Jan. 19th, 2026

Arcadia

Jan. 19th, 2026 09:17 pm
qatsi: (baker)
Book Review: Three Against The Wilderness, by Eric Collier
I've been clearing the bookshelves at Dad's home. Some are definitely to discard: they're of no interest, or they're duplicates; others are plausibly to keep; and others are probably worth a read but unlikely to be kept. This fell into that last category. In many cases it's not clear whether a book was initially Mum's or Dad's; this tale of remote Canadian settlement could go either way (I had increasingly distant family on Mum's side, now lost touch, in British Columbia).

Collier abandoned life in Britain in the 1920s as a young man, disinterested in urban life, and emigrated to Canada. In British Columbia he married a woman of part Native American descent, and obtained a land grant of more than 100,000 acres at least 300 kilometres north of Vancouver. This memoir covers the following 30 years or so, starting with nothing but the woods and a tent for shelter, and horses and a wagon for transport.

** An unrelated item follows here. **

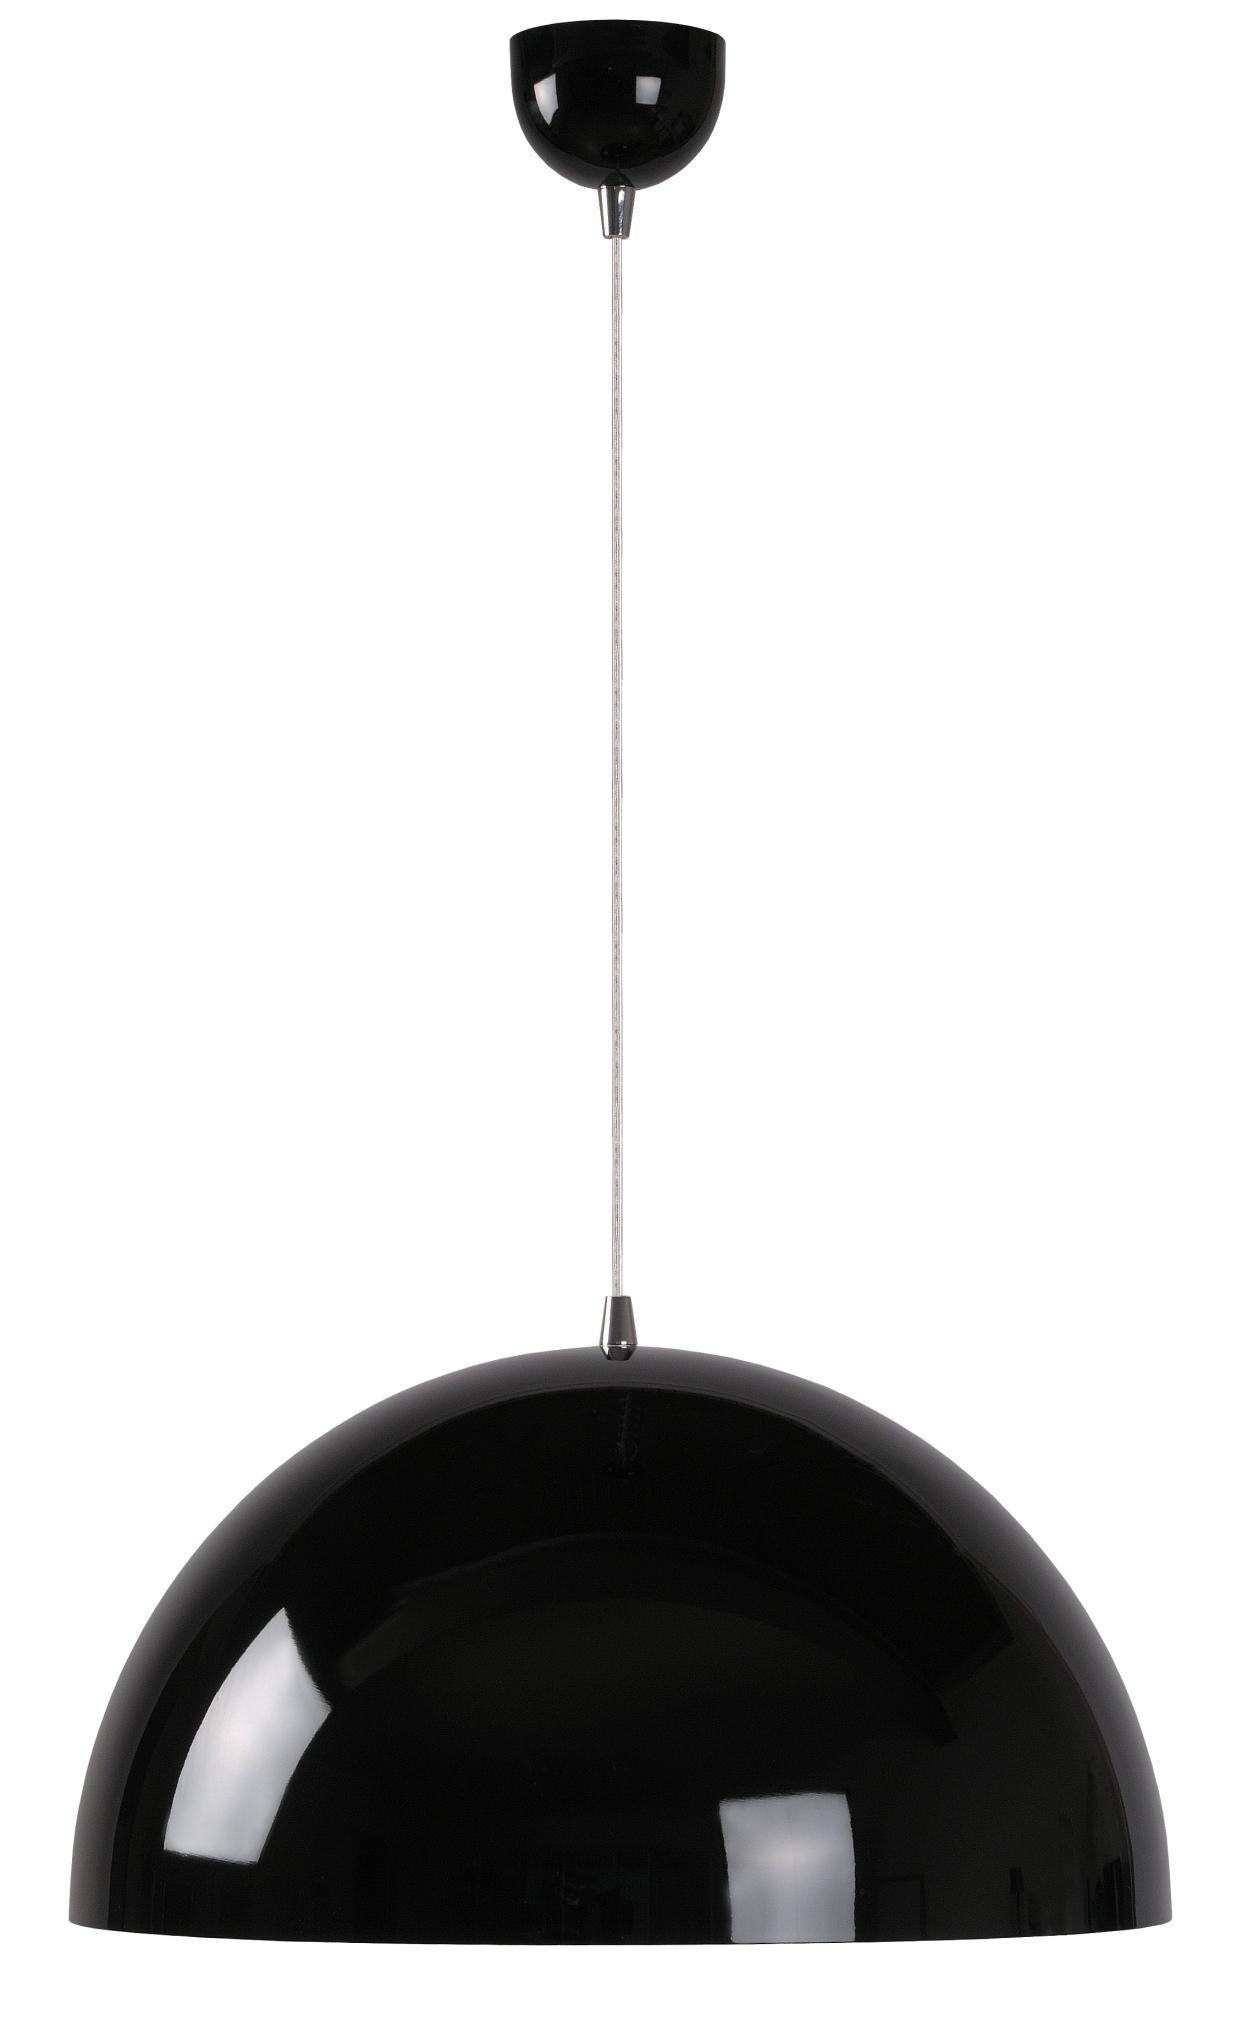 Lucide Hanglamp Riva -Ø50 Cm - Zwart

There's an irony in the early chapters of the book, where Collier attributes the poor land quality to the hunting to local extinction of the beaver for furs. As Collier describes it, the Native Americans, who hunted the beaver to extinction, blamed the white settlers and colonisers for not understanding the limits of the resources available - so much for the overwhelming contemporary perception that indigenous peoples live in balance with nature. But, in understanding and managing the land, Collier first mimics the beavers' actions in replenishing dams to improve and manage water supply and local irrigation, and later, persuades the authorities to reintroduce beavers to the area successfully. It feels in this area that Collier was ahead of his time - or perhaps of his time, given that this was mostly almost a hundred years ago - that one would get better results by working with nature rather than attempting fruitlessly to conquer it.

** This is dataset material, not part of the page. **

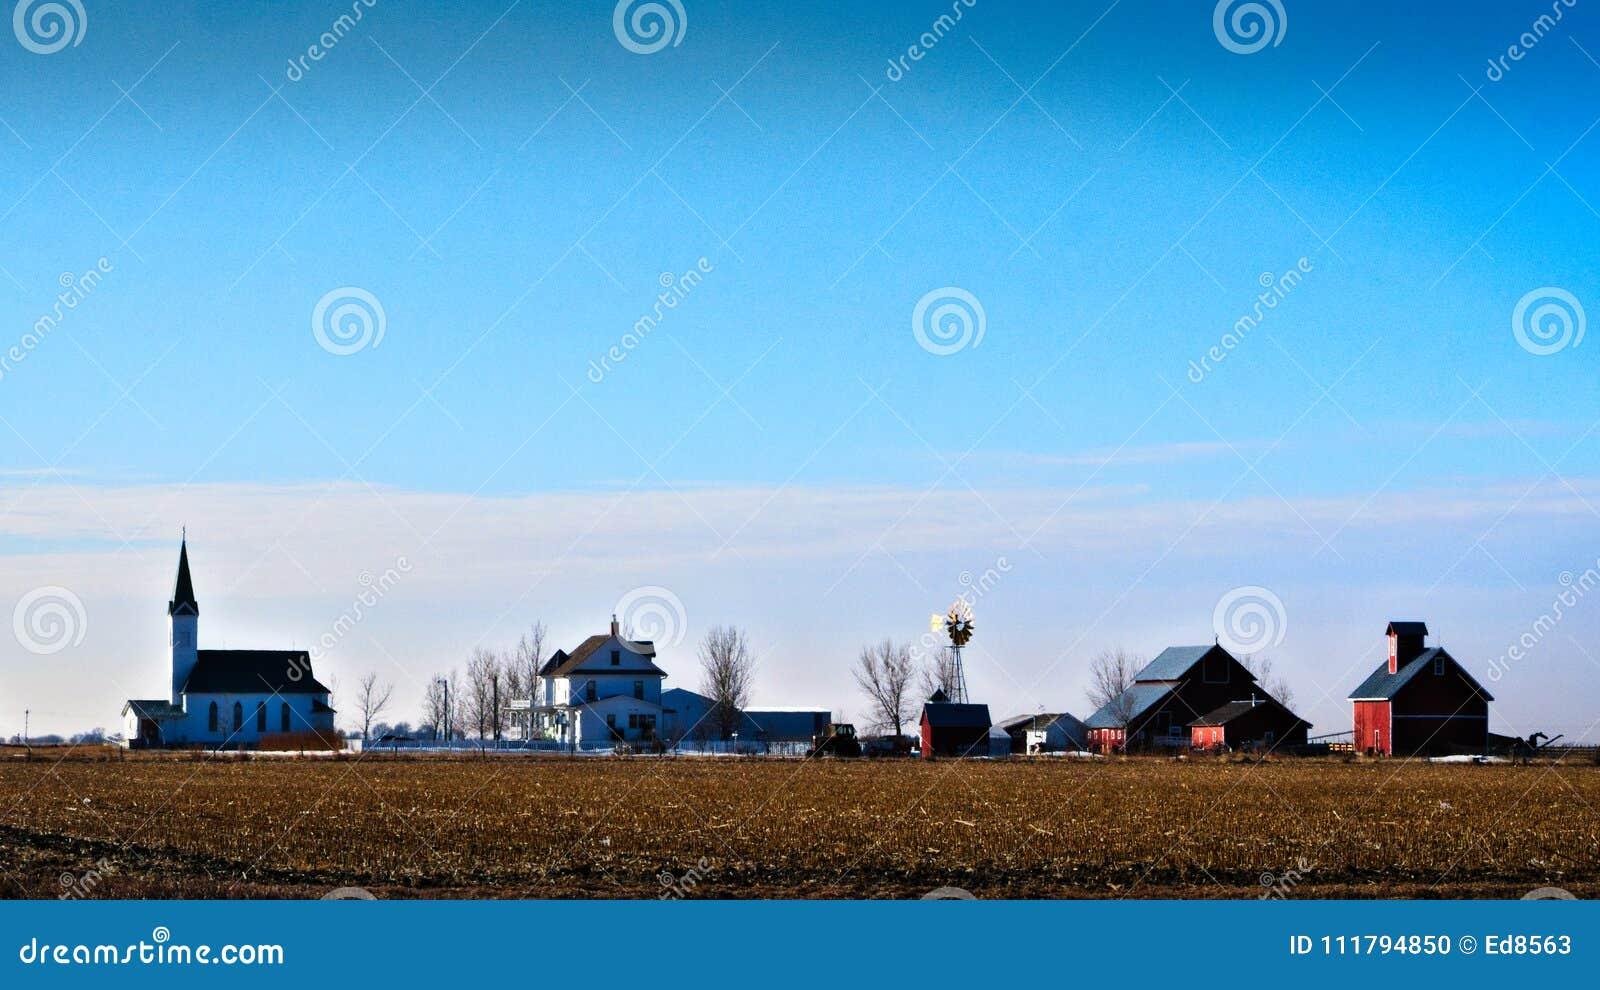 Landelijke van de de vlakteslandbouwbedrijf en kerk van midwesten scène

Collier tells of various episodes where the family is imperilled by nature: often by severe weather, occasionally by aggressive wildlife. Fortunately he never seems to have had serious incidents with the few other humans in the area, and his writing is never anything but respectful to native peoples. On the other hand, his attitudes to gender haven't aged so well, though his wife certainly played as much of an equal role as she was allowed, and the necessity of his situation perhaps made things more progressive on that score than he was comfortable with. His son Veasy was home-schooled, which also seems unusual and difficult in such remote circumstances, but must have been successful. Even in the remotest parts, the twentieth century intervenes: Veasy negotiates the introduction of a jeep for transport, and towards the end of the book he leaves to join the Canadian army and serves in the Korean war.